My problem is the similarity results are not logical, i did a simple test where i took two pictures of person 1 from front and behind and a picture of person 2 from the front, i extract the exact bounding boxes of the person in the 3 images, and i extracted the embedding from those bounding boxes using OSNet-AIN model, and finally i calculated the similarity between the embedding of person 1 from the front and person 2 from the front, and similarity of person 1 from the front and person 1 from the back.

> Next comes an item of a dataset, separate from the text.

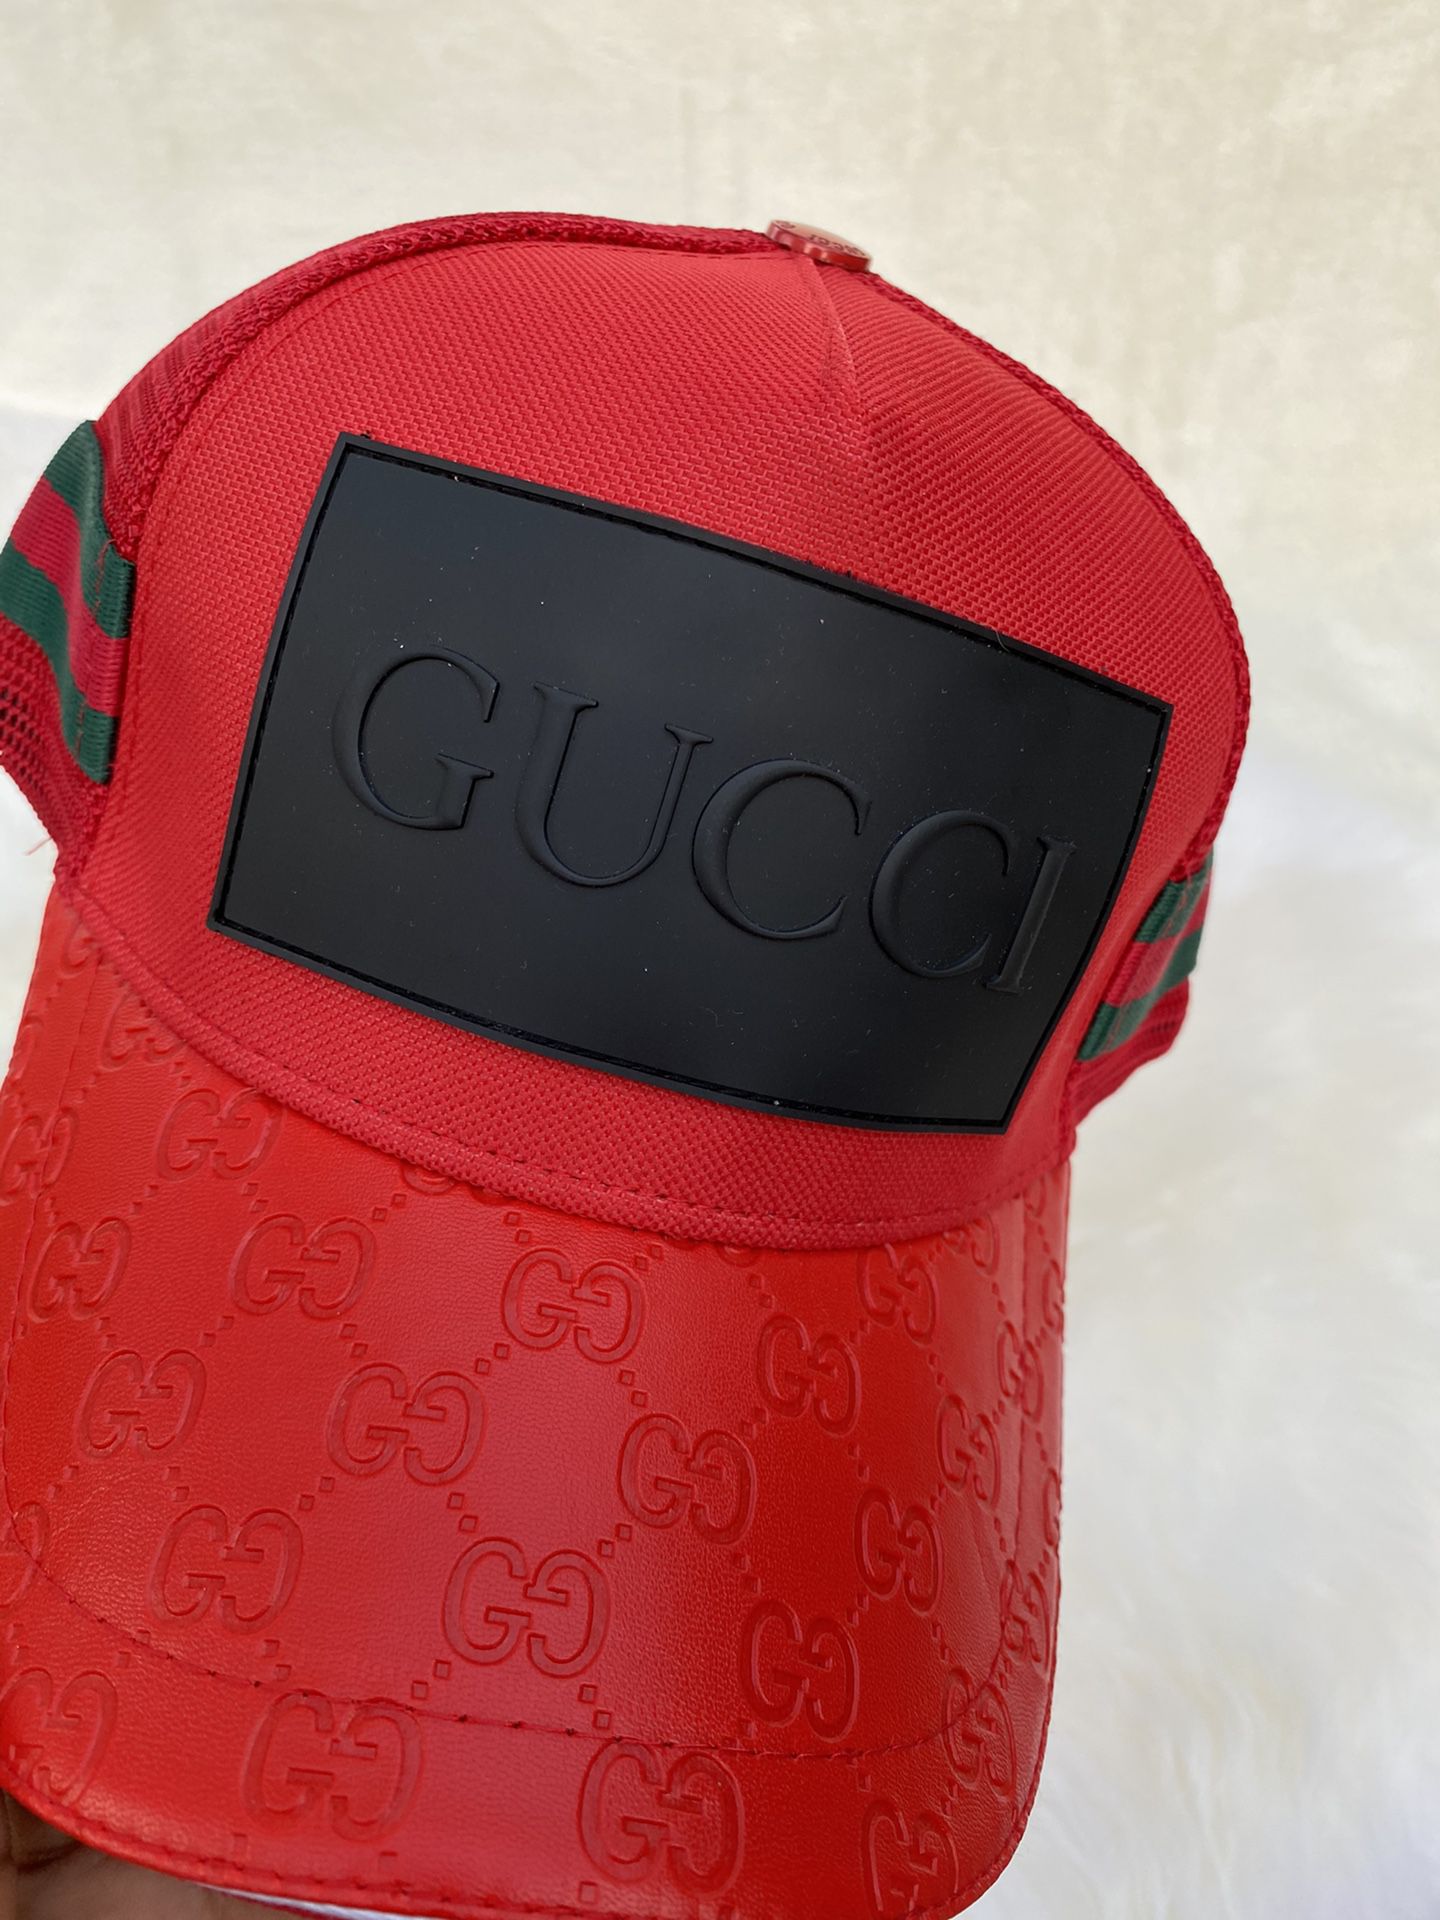 Red Gucci hat

The expected result following the concept of REID models, is that the second experiment of person 1 from both sides should have more similarity that person 1 and person 2 in the same side, but that's not the result i received, in fact i got that person 1 and person 2 are more similar just because their picture got taken from the same side, compared to the similarity between person 1 from both side, which is not logical, i would like someone to explain to me this situation, or I'm doing something wrong by comparing the similarity using cosine alone, is there something I'm missing, you can check the code I'm using for the experiment below.

import torchreid
from torchreid import utils
from torchreid import models
from scipy.spatial import distance
from torchreid.utils import FeatureExtractor, load_pretrained_weights
import os
import cv2
import time
from torchvision import transforms
import torch
import torchvision.transforms as T

extractor = FeatureExtractor(
    model_name = 'osnet_ain_x1_0',
    device = 'cpu' 
)

image_size=(256, 128)
transforms = []
transforms += [T.ToPILImage()]
transforms += [T.Resize(image_size)]
transforms += [T.ToTensor()]
preprocess = T.Compose(transforms)

img1 = cv2.imread(os.path.join("image_1.jpg"))
img1 = cv2.cvtColor(img1, cv2.COLOR_BGR2RGB)
img1 = preprocess(img1)
img1 = img1.unsqueeze(0)

img2 = cv2.imread(os.path.join("image_2.jpg"))
img2 = cv2.cvtColor(img2, cv2.COLOR_BGR2RGB)
img2 = preprocess(img2)
img2 = img2.unsqueeze(0)

concat_tensor = torch.cat([img1, img2])
with torch.no_grad():
   features = extractor(concat_tensor)

print("Similarity : ", torch.nn.functional.cosine_similarity(features.data[0], features.data[1], dim=0))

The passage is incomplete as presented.